What about yarn or mesos used in combination with Spark. The have also cgroups. 
Or a kubernetes etc deployment.

> Hello Spark Devs,
> I have finally completed a mostly working proof of concept. I do not want to 
> create a pull request for this code, as I don't believe it's production 
> worthy at the moment. My intent is to better communicate what I'd like to 
> accomplish. Please review the following patch: 
> https://github.com/apache/spark/compare/branch-2.0...travishegner:cgroupScheduler.
> What the code does:
> Currently, it exposes two options "spark.cgroups.enabled", which defaults to 
> false, and "spark.executor.shares" which defaults to None. When cgroups mode 
> is enabled, a single executor is created on each worker, with access to all 
> cores. The worker will create a parent cpu cgroup (on first executor launch) 
> called "spark-worker" to house any executors that it launches. Each executor 
> is put into it's own cgroup named with the app id, under the parent cgroup. 
> The cpu.shares parameter is set to the value in "spark.executor.shares", if 
> this is "None", it inherits the value from the parent cgroup.
> Tested on Ubuntu 16:04 (docker containers), kernel 4.4.0-53-generic: I have 
> not run unit tests. I do not know if/how cgroups v2 (kernel 4.5) is going to 
> change this code base, but it looks like the kernel interface is the same for 
> the most part.
> I was able to launch a spark shell which consumed all cores in the cluster, 
> but sat idle. I was then able to launch an application (client deploy-mode) 
> which was also allocated all cores in the cluster, and ran to completion 
> unhindered. Each of the executors on each worker was properly placed into 
> it's respective cgroup, which in turn had the correct cpu.shares value 
> allocated.
> What the code still needs:
> * Documentation (assuming the community moves forward with some kind of 
> implementation)
> * Sometimes the cgroups get destroyed after app completion, sometimes they 
> don't. (need to put `.destroy()` call in a `finally` block., or in the 
> `maybeCleanupApplication()` method; what do you think?)
> * Proper handling of drivers's resources when running `--deploy-mode cluster`
> * Better web UI indication of cgroup mode or core sharing (currently just 
> shows up as an over allocation of cores per worker)
> * Better environment/os/platform detection and testing (I won't be surprised 
> if there is something broken if trying to run this on a different OS)

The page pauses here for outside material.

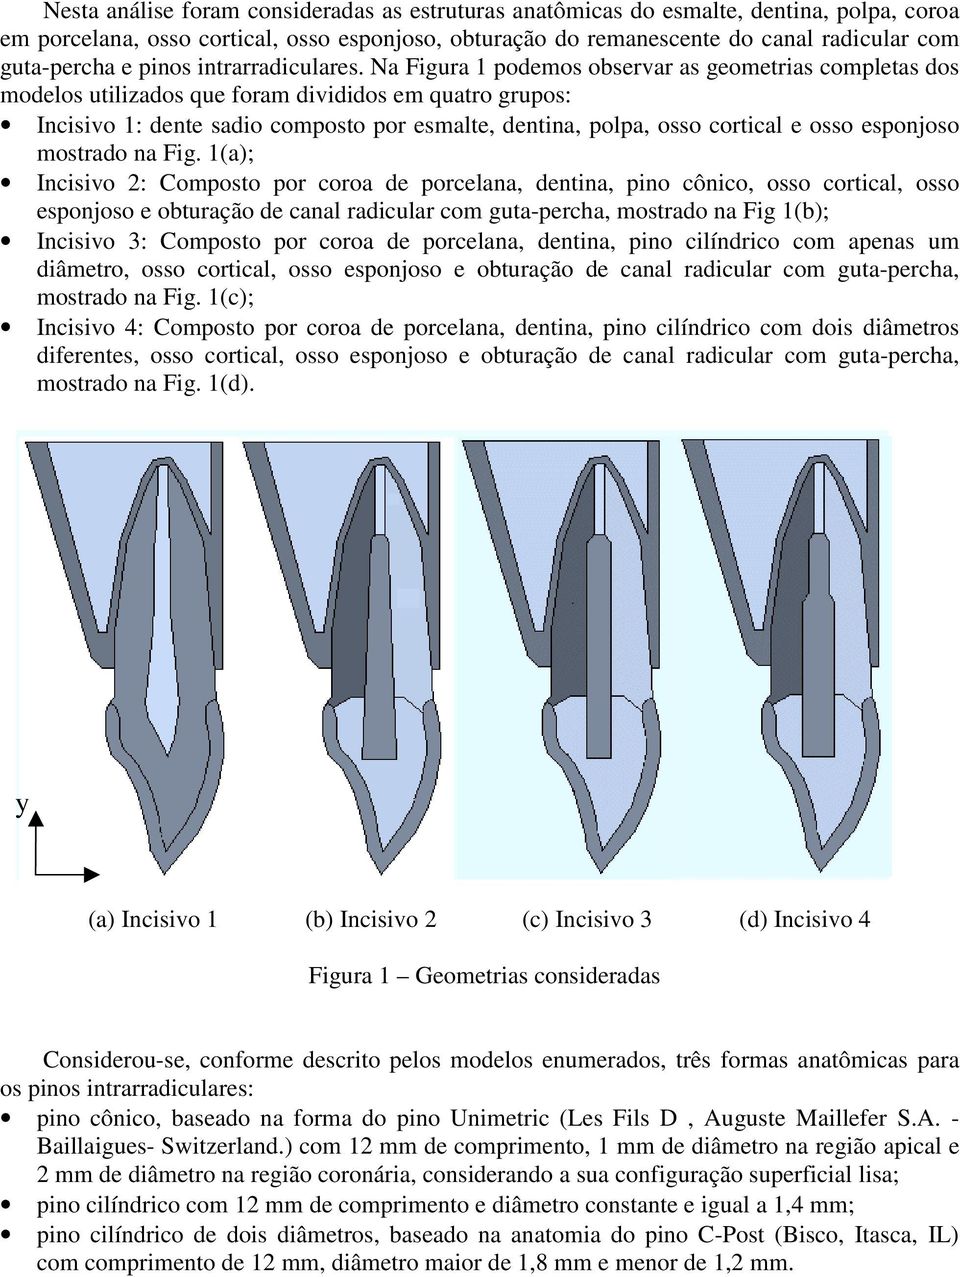 Na Figura 1 podemos observar as geometrias completas dos modelos utilizados que foram divididos em quatro grupos: Incisivo 1: dente sadio composto por esmalte, dentina, polpa, osso cortical e osso

> * Security/permissions for cgroups if running worker as non-root (perhaps 
> creating the parent cgroup with correct permissions before launching the 
> worker is all that is necessary)
>   - running the worker in a container currently requires --privileged mode (I 
> haven't figured out if/what capability makes cgroups writable, or if it's 
> possible to use a new cgroup mount point)
> * More user defined options
>   - cgroup root path (currently hard coded)
>   - driver cpu.shares (for cluster deploy-mode: would require a specially 
> named cgroup... s"$appId-driver" ? default same #shares as executor? default 
> double shares?
>   - parent cpu.shares (currently os default)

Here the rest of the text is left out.